Facebook will reconsider Trump’s ban in two years – TechCrunch

by Joseph K. Clark

The clock is ticking on former President Donald Trump’s ban from Facebook, formerly indefinite and now for two years, the maximum penalty under a newly revealed set of rules for suspending public figures. But when the time comes, the company will reevaluate the ban and decide whether to end or extend it, rendering it indefinitely definite. The prohibition on Trump in January was controversial in different ways to different groups. Still, the issue on which Facebook’s Oversight Board stuck as it chewed over the decision was that nothing in the company’s rules supported an indefinite ban. Either remove him permanently, they said, or put a definite limit to the suspension.

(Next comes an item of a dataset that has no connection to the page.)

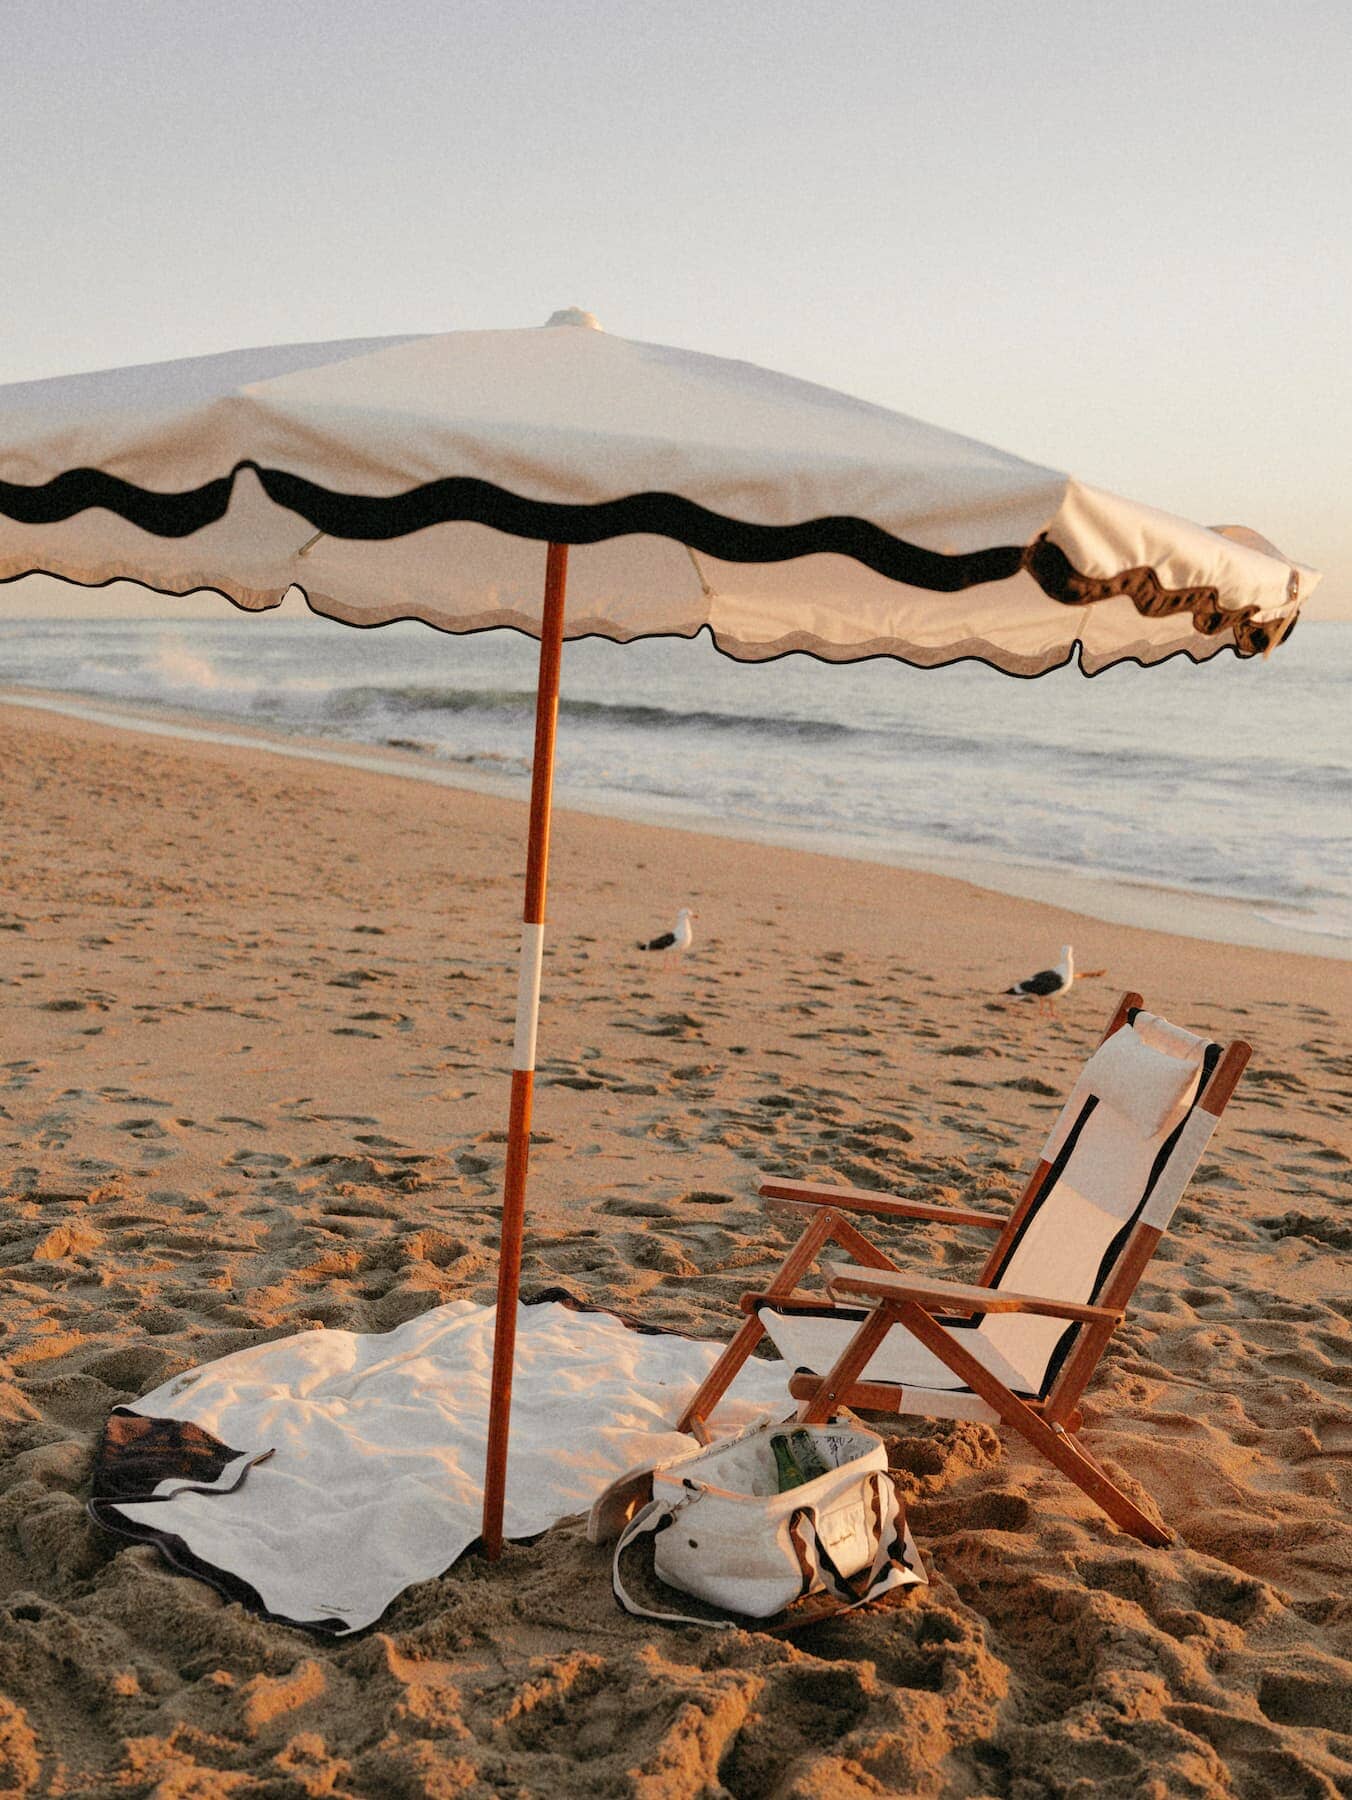 Riviera white beach set up with umbrella, chair, towel and cooler

Facebook has chosen… neither. The two-year limit on the ban is largely decorative since the option to extend it is entirely Facebook’s prerogative; as VP of public Affairs Nick Clegg writes: At the end of this period, we will look to experts to assess whether the risk to public safety has receded. We will evaluate external factors, including violence, restrictions on peaceful assembly, and other markers of civil unrest. Suppose we determine that there is still a serious risk to public safety. In that case, we will extend the rule for a fixed period and reevaluate until that risk receded.

Facebook

When the suspension is lifted, a strict set of rapidly escalating sanctions will be triggered if Mr. Trump commits further violations in the future, up to and including the permanent removal of his pages and accounts. It fulfills the recommendation of the Oversight Board, but truthfully Trump’s position is no less precarious than before. A ban that can be rescinded or extended whenever the company chooses is certainly “indefinite.” That said, the Facebook decision here does reach beyond the Trump situation. Essentially the Oversight Board suggested they need a rule that defines how they act in cases like Trump’s, so they’ve created a standard… of sorts.

This highly specific “enforcement protocol” is like a visual representation of Facebook saying, “we takWethis very seriously.” While it gives the impression of some sentencing guidelines by which public figures will systematically be given an appropriate ban length, every aspect of the process is arbitrarily decided by Facebook.

What circumstances justify the use of these “heightened penalties”? What kind of violations qualify for bans? How is the severity decided? Who picks the duration of the ban? When that duration expires, can it be extended if “there is still a serious risk to public safety”? What are the “rapidly escalating sanctions” these public figures will face post-suspension? Are there time limits on making decisions? Will they be deliberated publicly?

It’s not that we must assume Facebook will be inconsistent or self-deal or make bad decisions on any of these questions and the many more that come to mind exactly (though that is a real risk), but that this neither adds nor exposes any machinery of the Facebook moderation process during moments of crisis when we most need to see it working.

Despite the new official-looking punishment gradient and re-re-reiterated promise to be transparent, everything involved in what Facebook proposes seems just as obscure and arbitrary as the decision that led to Trump’s ban.

“We know that any penalty we apply — or choose not to apply — will be controversial,” writes Clegg. True, but while some people will be happy with some decisions and others angry, all are united in their desire to have the processes that lead to said penalties elucidated and adhered to. Today’s policy changes do not appear to accomplish that, regarding Trump or anyone else.